» **Instructions to follow**: Please return every line of the records below that holds the word "with".

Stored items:
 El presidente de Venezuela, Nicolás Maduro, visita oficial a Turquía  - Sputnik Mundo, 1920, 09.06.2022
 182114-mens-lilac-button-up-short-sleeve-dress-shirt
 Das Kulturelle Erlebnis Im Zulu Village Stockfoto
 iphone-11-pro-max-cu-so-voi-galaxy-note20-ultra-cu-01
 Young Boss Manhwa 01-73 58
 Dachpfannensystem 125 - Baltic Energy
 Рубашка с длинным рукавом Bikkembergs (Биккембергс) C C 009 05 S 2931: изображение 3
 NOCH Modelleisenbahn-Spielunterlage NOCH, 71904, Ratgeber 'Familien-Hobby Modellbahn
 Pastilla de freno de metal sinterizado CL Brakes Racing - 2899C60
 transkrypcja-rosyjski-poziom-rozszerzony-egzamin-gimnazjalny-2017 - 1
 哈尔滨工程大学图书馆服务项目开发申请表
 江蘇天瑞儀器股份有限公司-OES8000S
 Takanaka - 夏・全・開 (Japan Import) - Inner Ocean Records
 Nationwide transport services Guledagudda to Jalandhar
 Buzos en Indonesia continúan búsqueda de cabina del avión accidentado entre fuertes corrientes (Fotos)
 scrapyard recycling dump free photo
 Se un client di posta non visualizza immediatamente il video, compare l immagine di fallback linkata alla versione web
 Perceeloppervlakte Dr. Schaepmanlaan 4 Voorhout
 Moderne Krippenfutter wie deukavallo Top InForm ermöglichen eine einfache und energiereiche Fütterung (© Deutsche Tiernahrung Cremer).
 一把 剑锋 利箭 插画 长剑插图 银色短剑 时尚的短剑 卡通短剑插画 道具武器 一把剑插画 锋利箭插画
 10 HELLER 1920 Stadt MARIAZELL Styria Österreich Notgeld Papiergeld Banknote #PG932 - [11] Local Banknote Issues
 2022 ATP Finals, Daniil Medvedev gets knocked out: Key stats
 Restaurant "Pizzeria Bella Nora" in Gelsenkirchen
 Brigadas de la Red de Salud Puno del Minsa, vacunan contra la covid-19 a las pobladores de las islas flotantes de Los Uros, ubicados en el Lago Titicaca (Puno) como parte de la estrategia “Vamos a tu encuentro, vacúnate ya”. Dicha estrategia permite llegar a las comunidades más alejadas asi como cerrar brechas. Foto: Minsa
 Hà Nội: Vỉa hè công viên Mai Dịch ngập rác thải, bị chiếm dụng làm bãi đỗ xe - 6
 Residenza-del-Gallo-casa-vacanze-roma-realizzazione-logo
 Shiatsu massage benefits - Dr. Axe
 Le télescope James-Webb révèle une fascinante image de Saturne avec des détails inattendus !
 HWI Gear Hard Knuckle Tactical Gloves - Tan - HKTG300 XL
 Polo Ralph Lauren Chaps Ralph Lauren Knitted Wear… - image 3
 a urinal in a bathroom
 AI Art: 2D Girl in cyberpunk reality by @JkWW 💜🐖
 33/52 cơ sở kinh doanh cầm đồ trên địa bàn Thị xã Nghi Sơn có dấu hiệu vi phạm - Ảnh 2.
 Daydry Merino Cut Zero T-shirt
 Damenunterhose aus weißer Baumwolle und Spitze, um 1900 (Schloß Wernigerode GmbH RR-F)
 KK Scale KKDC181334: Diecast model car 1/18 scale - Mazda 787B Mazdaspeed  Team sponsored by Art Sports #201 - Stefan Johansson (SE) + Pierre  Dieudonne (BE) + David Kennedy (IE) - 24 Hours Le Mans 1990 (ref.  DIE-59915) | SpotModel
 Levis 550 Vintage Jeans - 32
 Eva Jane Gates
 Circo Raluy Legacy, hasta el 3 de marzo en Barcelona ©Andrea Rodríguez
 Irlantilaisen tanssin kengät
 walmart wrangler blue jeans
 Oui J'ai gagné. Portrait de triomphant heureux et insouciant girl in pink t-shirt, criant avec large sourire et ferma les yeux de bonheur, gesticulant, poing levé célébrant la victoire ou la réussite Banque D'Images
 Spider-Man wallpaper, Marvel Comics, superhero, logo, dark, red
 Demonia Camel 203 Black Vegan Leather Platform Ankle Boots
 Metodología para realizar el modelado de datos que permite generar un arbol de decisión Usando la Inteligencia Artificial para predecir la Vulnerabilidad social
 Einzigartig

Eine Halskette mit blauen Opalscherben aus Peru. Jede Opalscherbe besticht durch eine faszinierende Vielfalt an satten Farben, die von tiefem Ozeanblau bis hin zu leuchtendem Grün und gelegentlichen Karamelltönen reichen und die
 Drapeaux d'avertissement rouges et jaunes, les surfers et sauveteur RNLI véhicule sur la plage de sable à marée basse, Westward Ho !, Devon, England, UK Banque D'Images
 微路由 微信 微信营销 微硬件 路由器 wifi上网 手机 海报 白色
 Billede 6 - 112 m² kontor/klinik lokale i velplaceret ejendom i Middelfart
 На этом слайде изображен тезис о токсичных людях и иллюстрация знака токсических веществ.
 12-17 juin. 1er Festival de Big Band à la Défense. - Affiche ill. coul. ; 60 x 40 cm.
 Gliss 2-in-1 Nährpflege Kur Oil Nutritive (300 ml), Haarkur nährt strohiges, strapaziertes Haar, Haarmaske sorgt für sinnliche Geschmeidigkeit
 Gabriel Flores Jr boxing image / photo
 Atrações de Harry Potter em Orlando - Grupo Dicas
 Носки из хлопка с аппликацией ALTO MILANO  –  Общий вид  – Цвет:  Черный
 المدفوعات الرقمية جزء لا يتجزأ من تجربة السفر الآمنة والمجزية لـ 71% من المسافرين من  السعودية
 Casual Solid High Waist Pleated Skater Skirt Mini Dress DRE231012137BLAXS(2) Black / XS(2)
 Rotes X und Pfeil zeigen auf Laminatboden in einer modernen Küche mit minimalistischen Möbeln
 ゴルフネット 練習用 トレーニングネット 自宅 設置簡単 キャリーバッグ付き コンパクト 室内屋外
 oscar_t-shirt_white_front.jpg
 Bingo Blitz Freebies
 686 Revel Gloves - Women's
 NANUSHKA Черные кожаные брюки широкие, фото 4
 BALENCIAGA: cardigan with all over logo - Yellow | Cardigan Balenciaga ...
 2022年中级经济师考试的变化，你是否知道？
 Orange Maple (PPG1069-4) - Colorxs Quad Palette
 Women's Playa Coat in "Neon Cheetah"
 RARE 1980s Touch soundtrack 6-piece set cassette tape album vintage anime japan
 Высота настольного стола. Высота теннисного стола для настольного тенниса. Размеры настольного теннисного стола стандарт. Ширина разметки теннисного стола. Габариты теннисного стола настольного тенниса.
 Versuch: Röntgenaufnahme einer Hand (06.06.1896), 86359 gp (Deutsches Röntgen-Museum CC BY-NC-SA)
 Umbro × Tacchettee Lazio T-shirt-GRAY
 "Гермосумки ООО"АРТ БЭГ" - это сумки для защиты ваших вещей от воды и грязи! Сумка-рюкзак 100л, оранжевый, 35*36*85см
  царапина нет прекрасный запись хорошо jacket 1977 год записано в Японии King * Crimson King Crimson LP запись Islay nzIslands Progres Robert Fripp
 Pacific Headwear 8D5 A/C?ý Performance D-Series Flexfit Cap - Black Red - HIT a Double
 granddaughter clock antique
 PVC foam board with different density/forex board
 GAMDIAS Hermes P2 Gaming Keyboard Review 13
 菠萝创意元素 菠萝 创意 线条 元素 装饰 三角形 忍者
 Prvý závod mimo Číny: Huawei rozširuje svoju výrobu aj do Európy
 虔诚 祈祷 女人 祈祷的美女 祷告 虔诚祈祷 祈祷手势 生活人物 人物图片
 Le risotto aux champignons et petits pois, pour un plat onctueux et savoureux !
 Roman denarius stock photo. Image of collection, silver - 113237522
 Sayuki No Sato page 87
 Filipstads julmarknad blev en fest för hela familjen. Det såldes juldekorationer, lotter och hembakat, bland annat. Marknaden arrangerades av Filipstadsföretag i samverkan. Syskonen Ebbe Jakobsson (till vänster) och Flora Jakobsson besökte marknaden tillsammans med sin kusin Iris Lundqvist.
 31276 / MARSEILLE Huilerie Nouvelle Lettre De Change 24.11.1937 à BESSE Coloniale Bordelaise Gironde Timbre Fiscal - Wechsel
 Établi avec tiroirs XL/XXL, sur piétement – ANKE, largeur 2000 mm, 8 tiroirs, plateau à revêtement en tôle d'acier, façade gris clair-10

» **Result for this task**:
 BALENCIAGA: cardigan with all over logo - Yellow | Cardigan Balenciaga ...
 PVC foam board with different density/forex board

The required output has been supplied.